_Assignment:_ Set down each line of the data below exactly as it stands, dropping the pictures.

_Given information:_
* * *

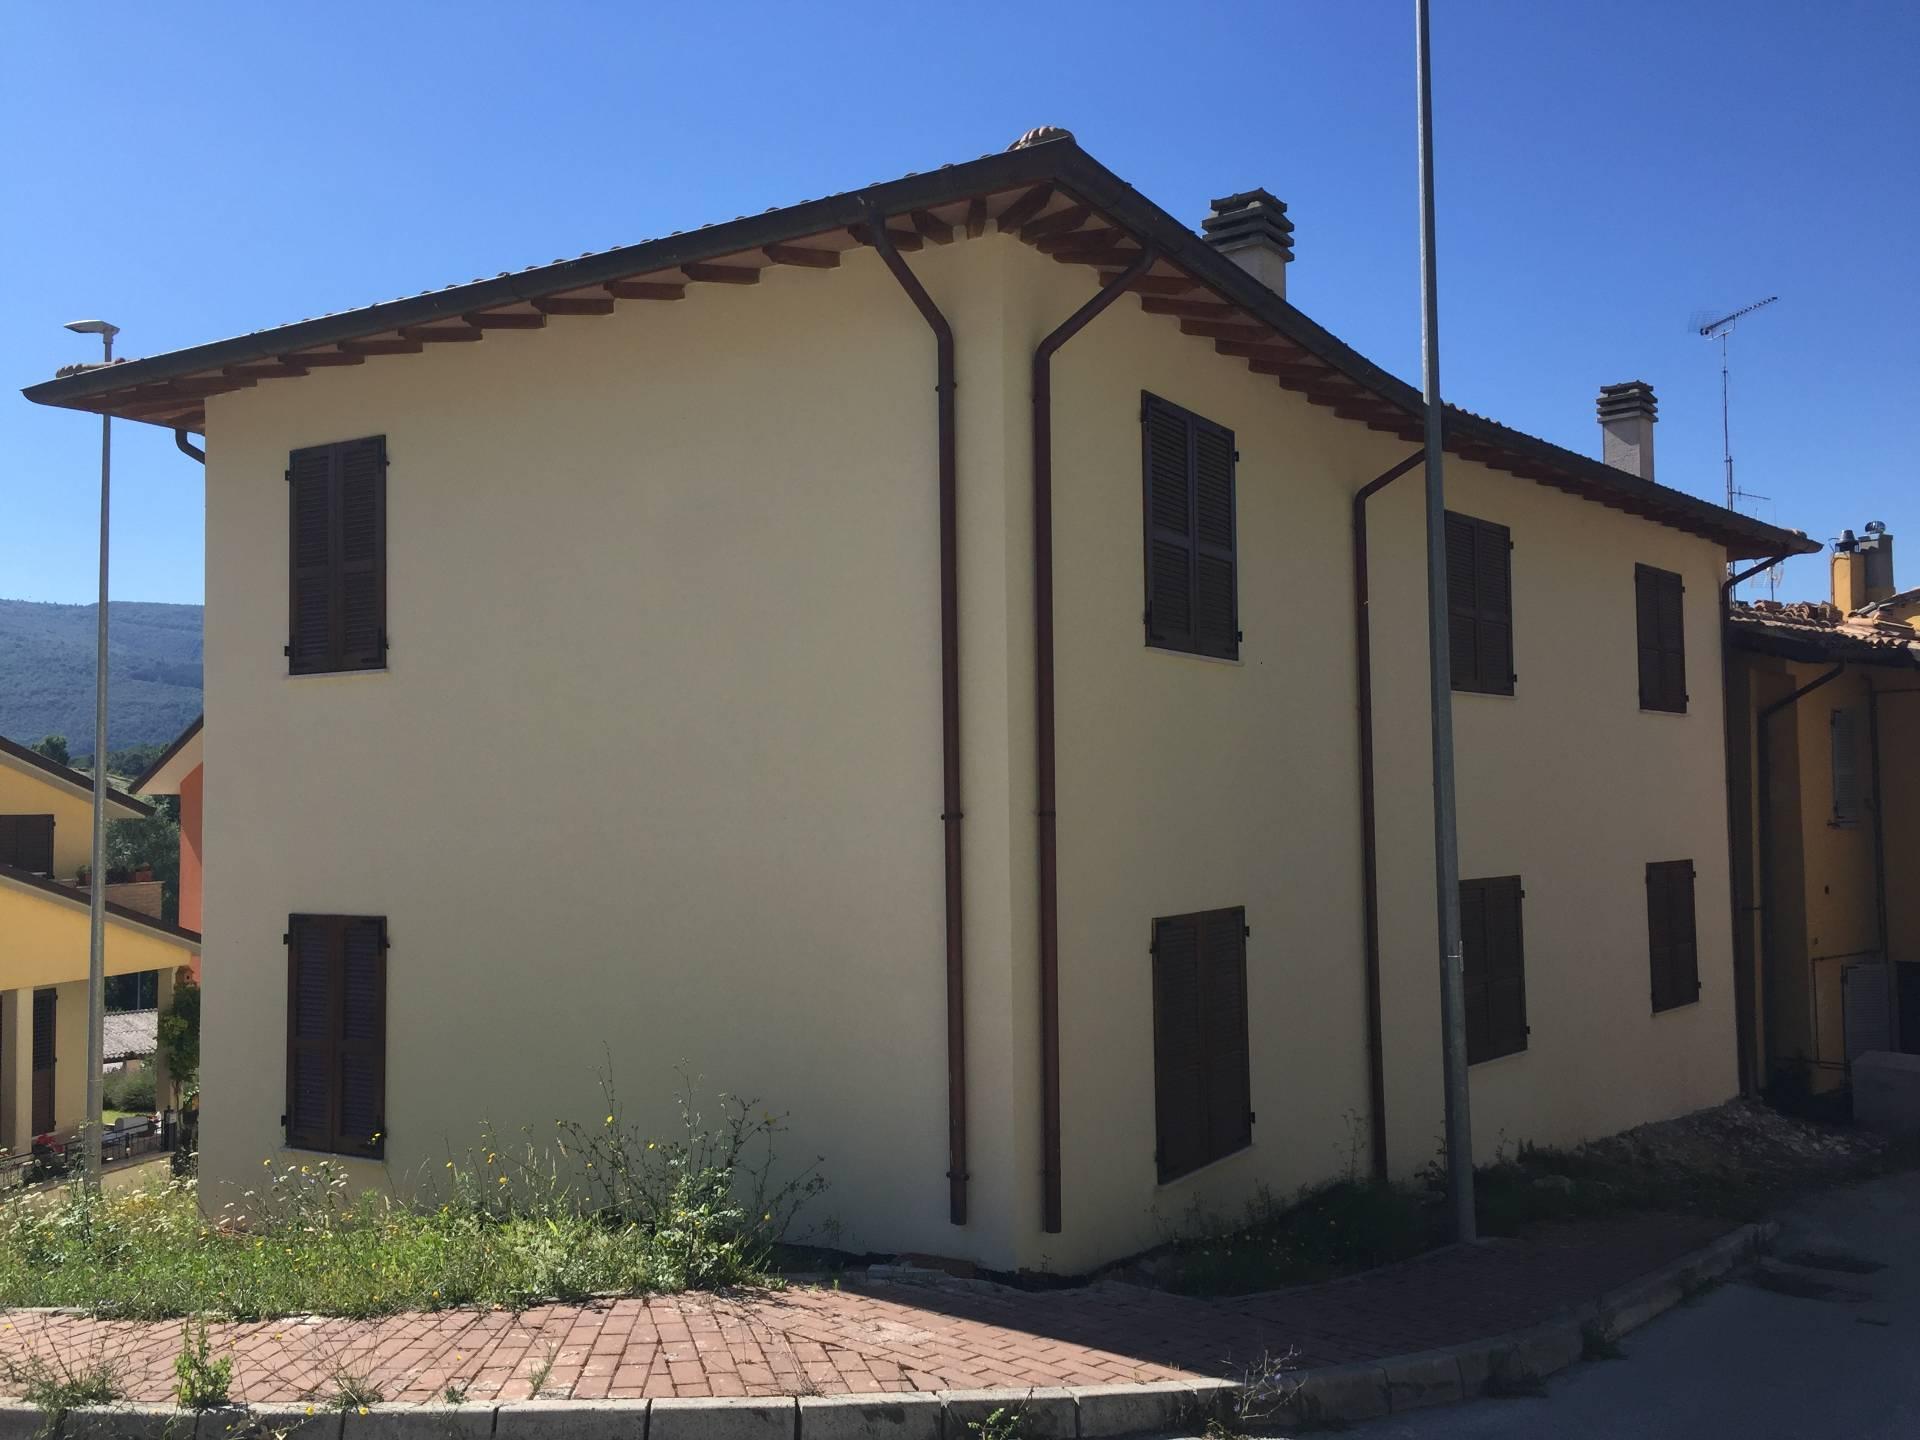 Appartamento in vendita a Nocera Umbra, 3 locali, Trattative riservate | CambioCasa.it
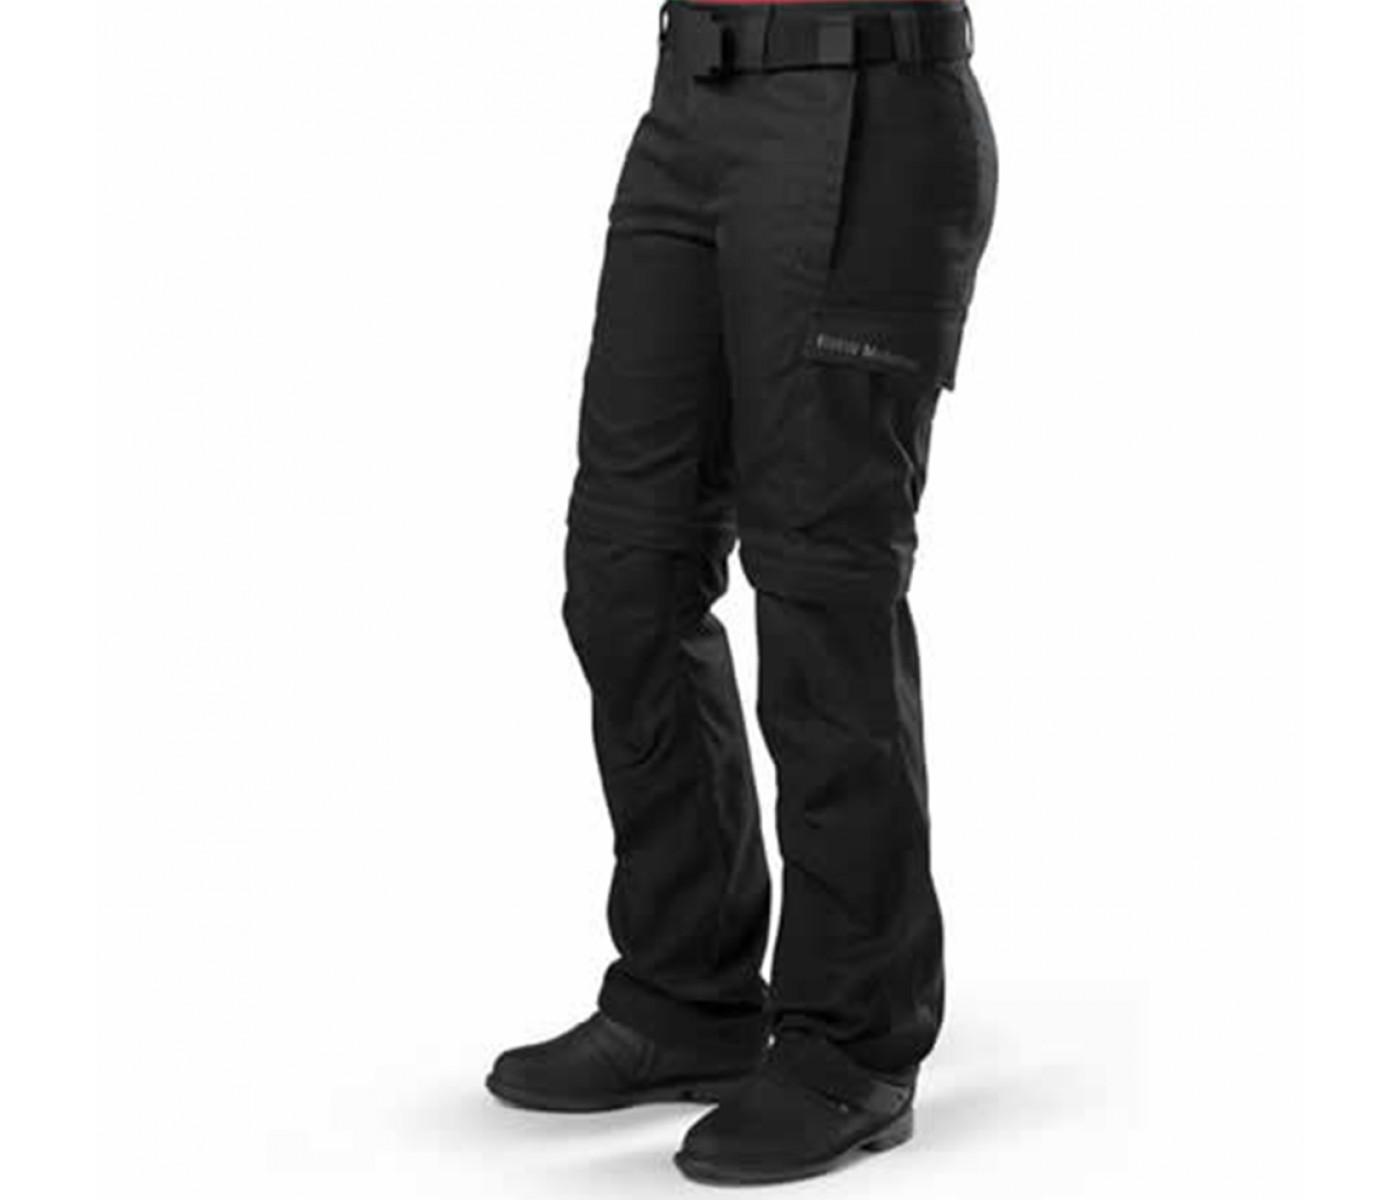 44c59b2725c6 -8% BMW Motorrad Παντελόνι Summer Trousers Unisex Μαύρο ΕΝΔΥΣΗ
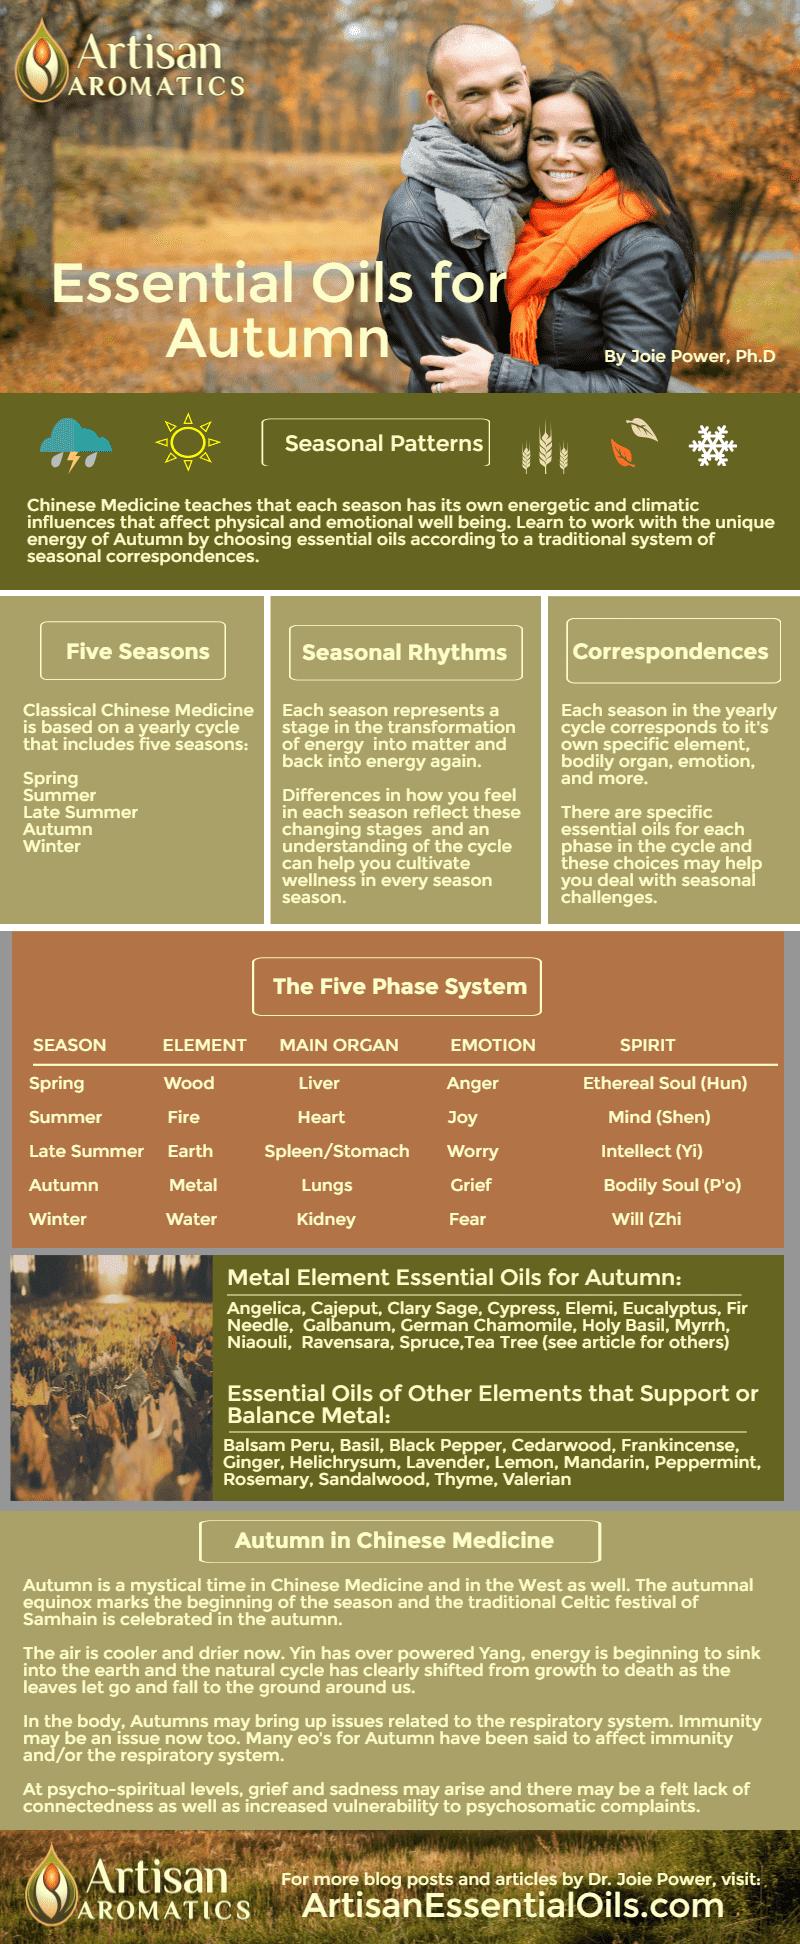 Artisan-Aromatics-EOs-for-Autumn-Infographic-Dr-Joie-Power

* * *

_Task result:_
 Appartamento in vendita a Nocera Umbra, 3 locali, Trattative riservate | CambioCasa.it
 44c59b2725c6 -8% BMW Motorrad Παντελόνι Summer Trousers Unisex Μαύρο ΕΝΔΥΣΗ
 Artisan-Aromatics-EOs-for-Autumn-Infographic-Dr-Joie-Power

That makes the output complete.